Mission to TeachMission To Teach: The Life and Legacy of a Revolutionary Educator

By Dipak Basu. Foreword by Jane Goodall, DBE.
Published by JBF Books, 2013

The stories of dedicated, passionate young teachers are a familiar motif in educational literature. Often those stories of the idealistic young re-ignite a dormant spark in weary, discouraged veterans, who are in turn inspired to recapture that same spirit as they deal with the students in their classrooms.

When these stories involve an especially brilliant, fierce and selfless young woman who died of metastatic breast cancer at the age of 31 in 2008, the sadness and poignancy are particularly profound.

This work is a labor of love by Jhumki Basu’s father to commemorate, celebrate, and inspire others to understand exactly how gifted his daughter was, and what a significant difference she made in the world during the — too short — time she was given.

Jhumki Basu was a curious, inquisitive, intellectually-driven child, who pursued science as an undergraduate at Stanford, ultimately earning both a master’s and Ph.D simultaneously from Teachers College at Columbia.
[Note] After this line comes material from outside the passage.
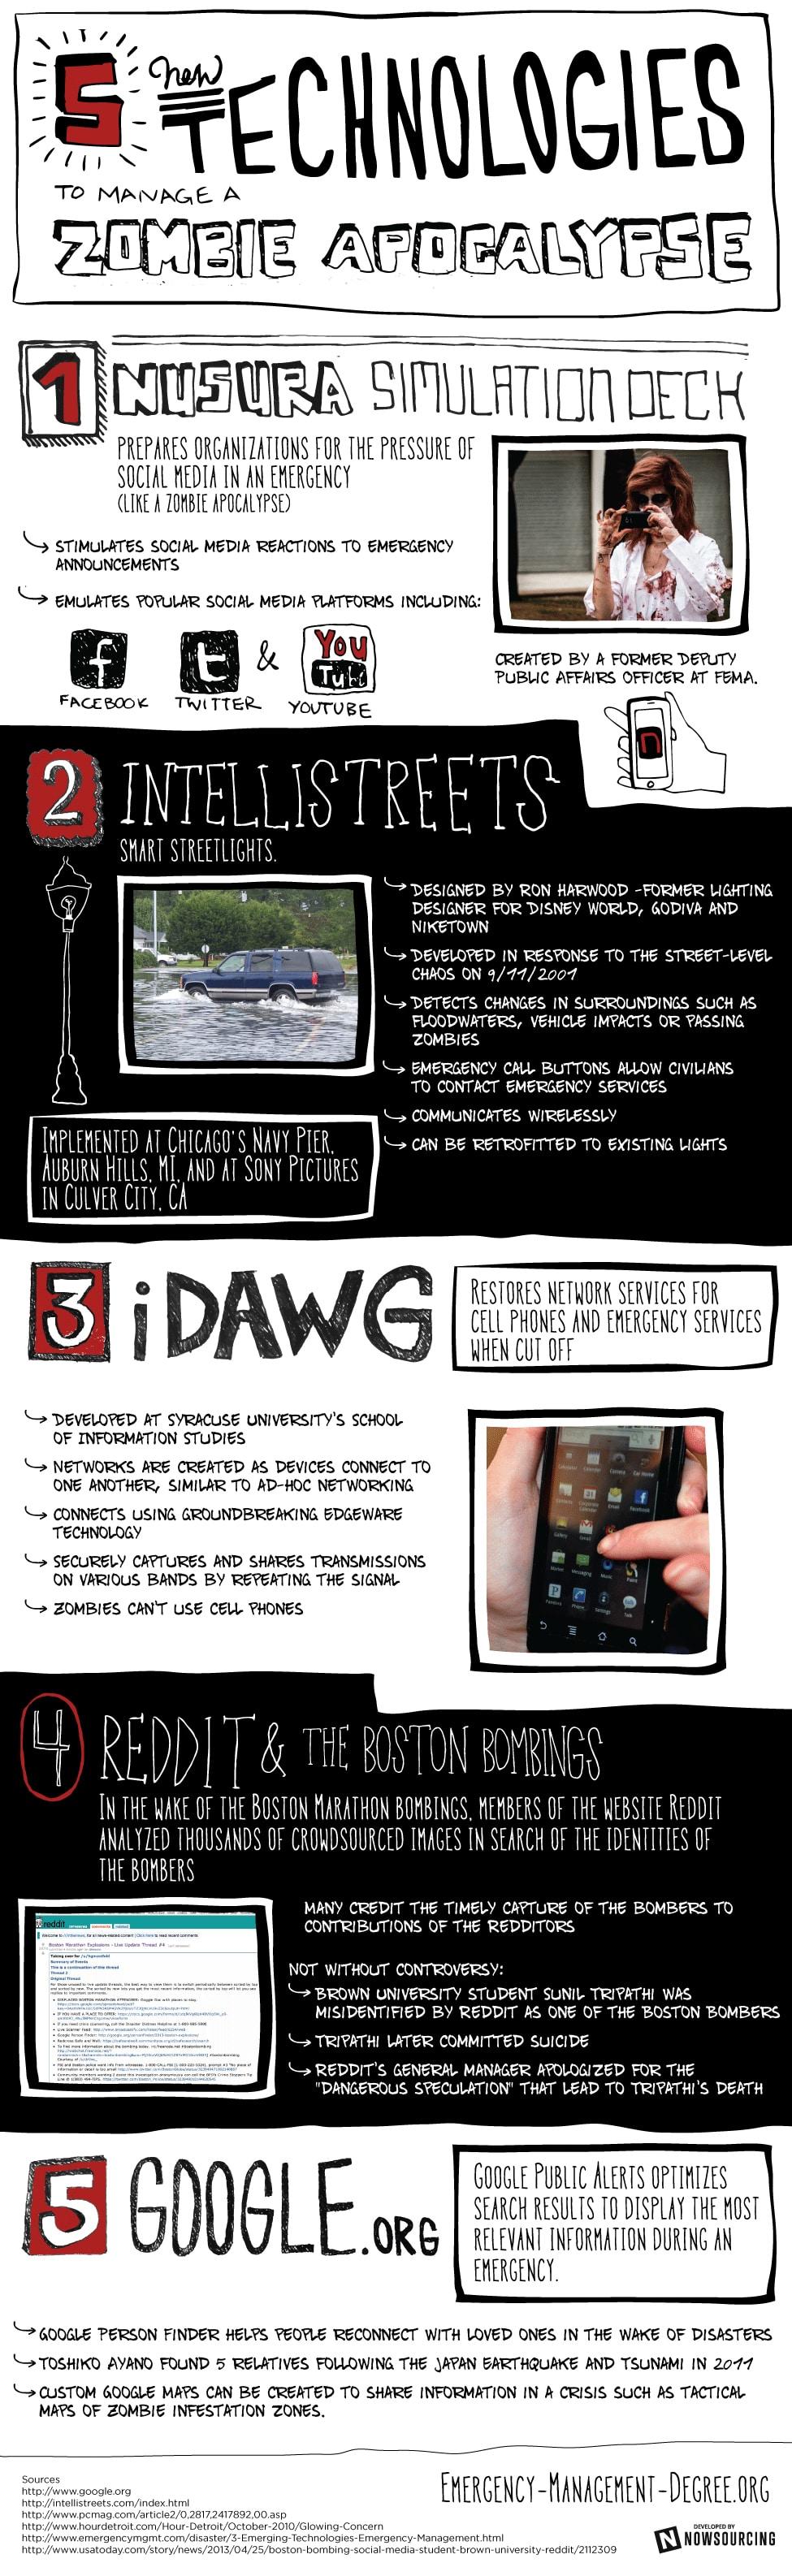 new-technologies-zombie-apocalypse-infographic

Her strong sense of social justice was apparent even as an undergraduate, when she went to post-Soviet Russia to study the issue of homelessness there.  Before her death, Jhumki was promoted to an associate professor at New York University, a recognition of her scholarly contributions and exceptional teaching skills. Even as she lay dying, she met with her Ph.D. advisor to extract a promise that the professor would complete Jhumki’s textbook on democratic science teaching. No wonder that Jhumki Basu was awarded a posthumous Early Career Achievement Award by Teachers College.
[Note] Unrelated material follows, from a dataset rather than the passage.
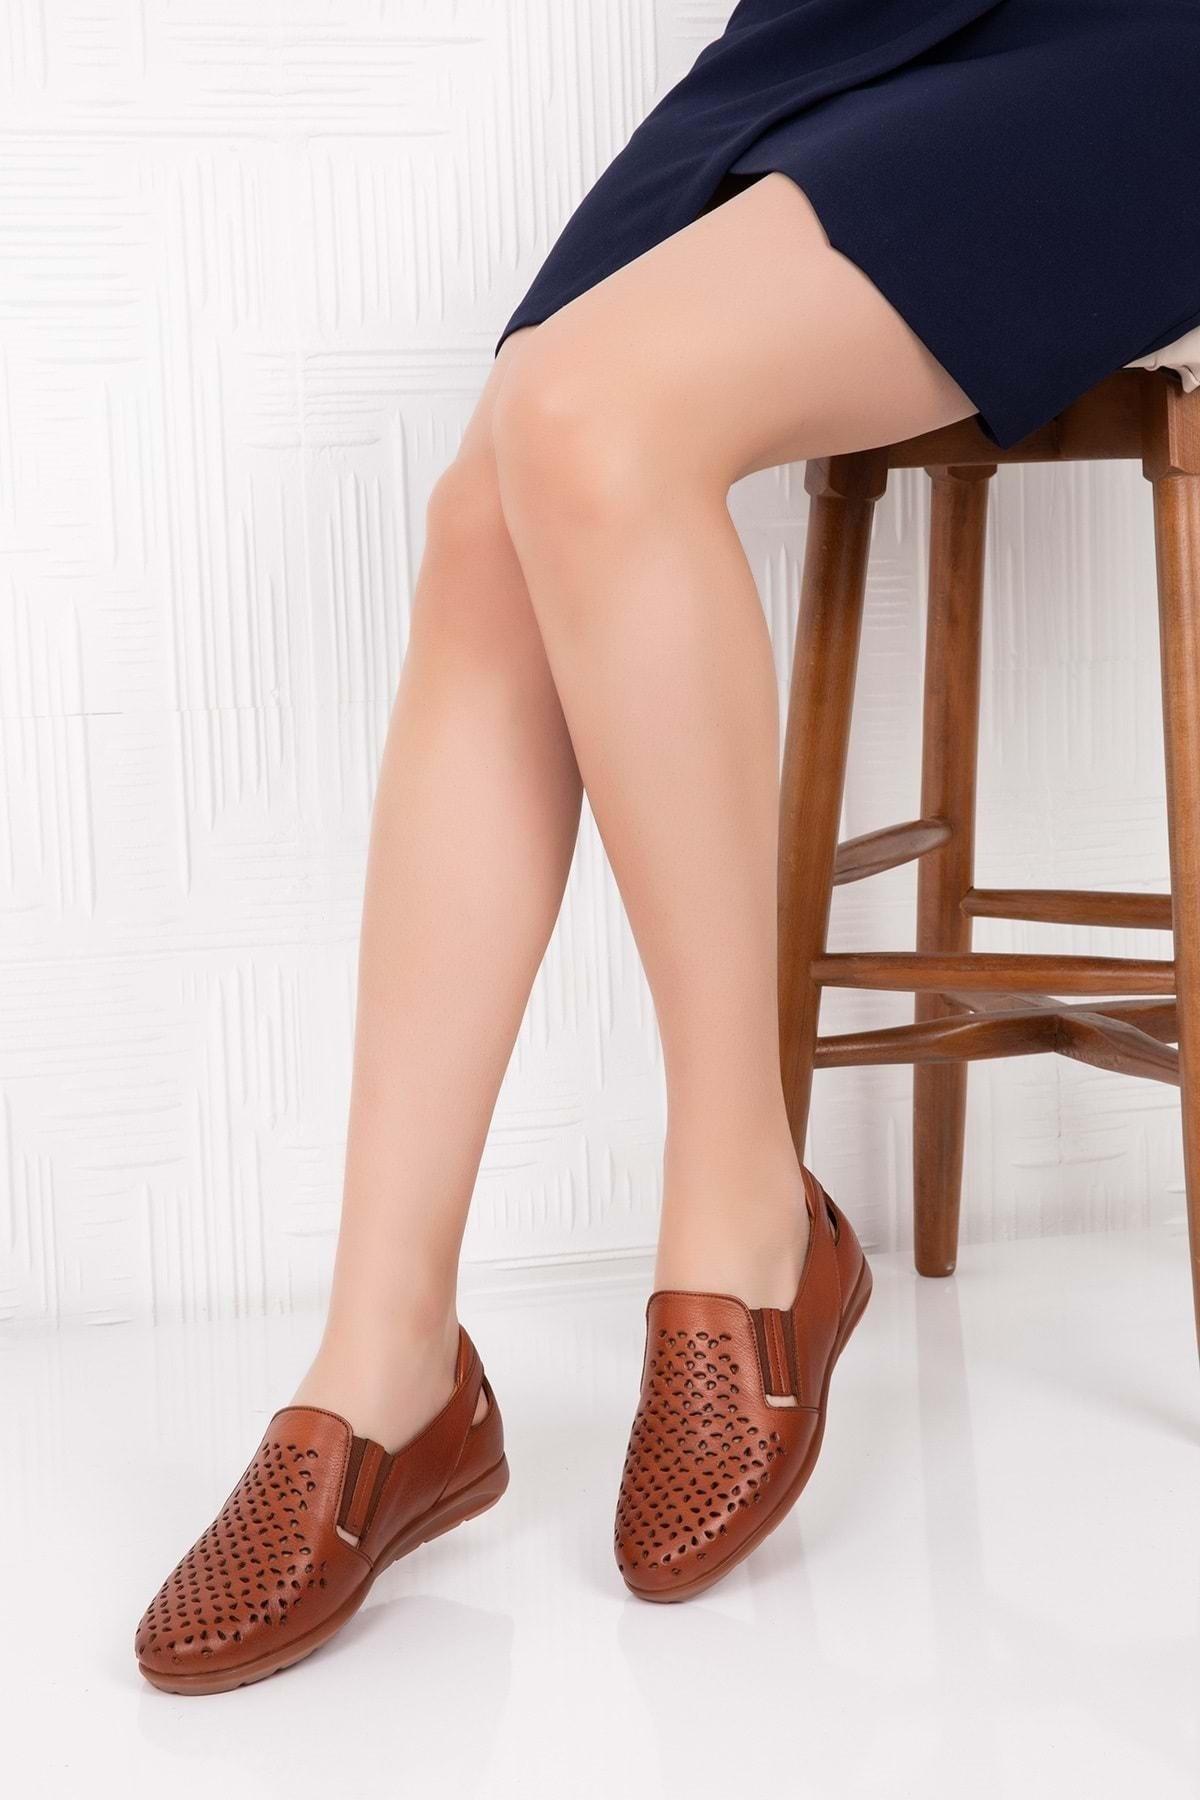 Gondol Hakiki Deri Ortopedik Taban Günlük Ayakkabı Taba 40 Esfa.152y 1

For what mattered to Jhumki was teaching science to inner-city children in a way that would spark their own connection to the material, in a model she developed, Sci-Ed Innovators.  Besides working with inner-city students in New York City, she applied her talents to neglected parts of Palo Alto, East Menlo Park, and Redwood City, in Silicon Valley—and also worked in South Africa’s black township, Soweto.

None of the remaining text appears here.